Ariane Burgess talked about three families leaving Uist but, because of the ferries fiasco, they will not be the only ones. Some businesses are losing thousands of pounds with each failed sailing. On a smaller scale, others are losing their weekly income at the same time as they face rising costs.

Katy Clark talked about the need for communities to be involved in planning the ferry fleet. If they had been involved, we would not be in this mess now.

CalMac has just suffered one of the worst winters in its history and has had to do so with one hand tied behind its back. Creaky vessels are having frequent technical breakdowns; vessels are not equipped for a changing climate and worsening weather; the infrastructure does not allow flexible deployment of vessels where and when they are needed; and there is not enough funding to allow ferries to operate at full capacity, even when we place aside Covid impacts on crews. I am advised that CalMac alone would require a minimum of £7 million additional funding just to employ the crew that it would need to meet demand.

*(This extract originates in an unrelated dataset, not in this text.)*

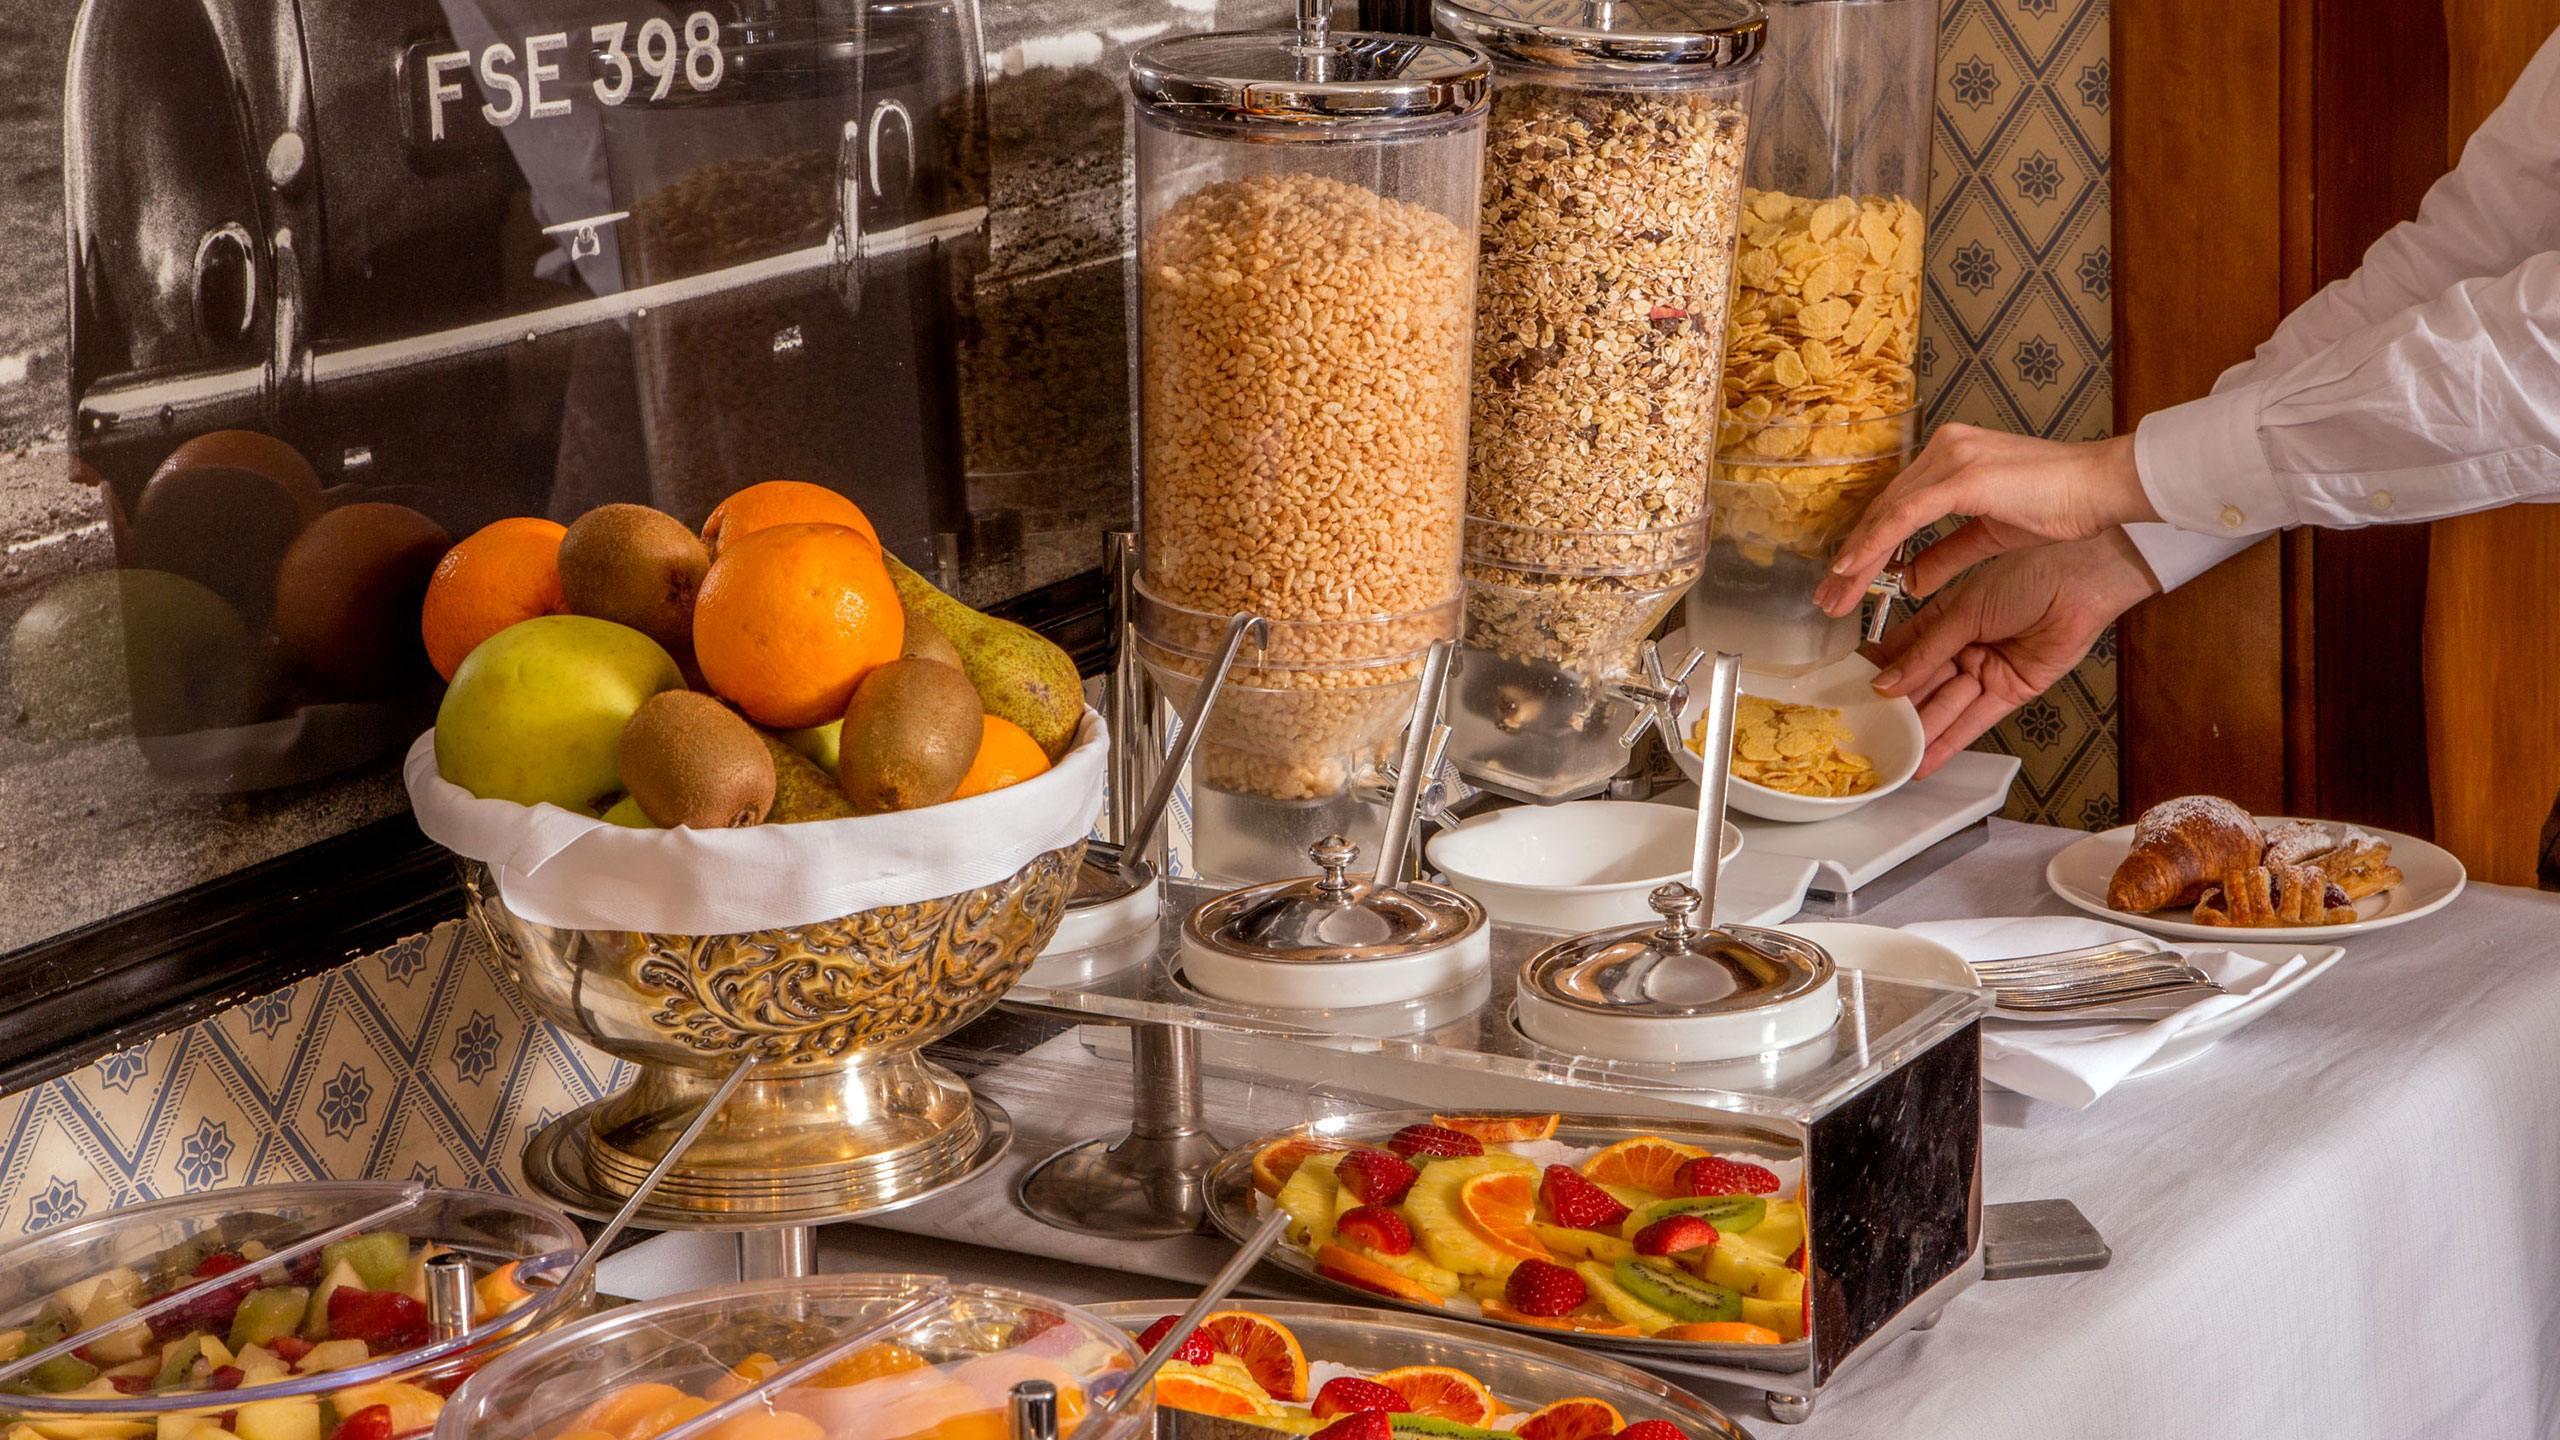 albergo-ottocento-roma-colazione-06

The minister cannot pass the buck to CalMac, because CalMac’s action plan would include boats and crew, both of which are being withheld by the Scottish Government. The Scottish Government blames the weather, but if the wrong boats are in the wrong place, they cannot sail in bad weather.

As Neil Bibby said, our communities deserve a public inquiry into how they have been failed so catastrophically over hulls 801 and 802, and we can add to that the exposure that Paul Sweeney highlighted. It is not good enough for the Scottish Government to blame everyone else when the blame sits squarely at its door. Today’s apology is welcome but, in giving it, the minister continued to deflect blame.

Graham Simpson highlighted the fact that the average age of the fleet, which the Scottish Government aimed to take down to 12 and a half years, has soared to more than 25 years. As Katy Clark pointed out, 25 years is the accepted operational life of a ferry. She said that operational issues are due to the ageing fleet and not to CalMac. Perhaps CMAL is tendering for two new ferry engines because the ones that they will replace are obsolete and replacement parts cannot be procured.

The Scottish Government has no strategy and no plan, and it has a set of ministers who have proven themselves at best naive, but most likely incompetent or worse. Willie Rennie pointed out that that incompetence is not reserved to ferry procurement but runs though the SNP Government like letters in a stick of rock. The Government has not saved Ferguson’s; it has damaged Ferguson’s. My heart goes out to the worker whom Stuart McMillan talked about. The Scottish Government has a duty to restore the reputation of the yard and safeguard those jobs, as Paul Sweeney highlighted.

In order to have an adequate fleet that meets the bare minimum of a community’s needs, we should be launching a new vessel every two years. Today, the Cabinet Secretary for Finance and the Economy refused to guarantee that the two new ferries will come into operation, and she refused to take responsibility if they do not. We need a streamlined and effective strategy. Instead, planning and operation are split across multiple quangos and operators, such that the right hand does not know what the left hand is doing, and all that is overseen by an incompetent Government.

Our communities are beyond desperate and they deserve better. It is time for the First Minister to take control.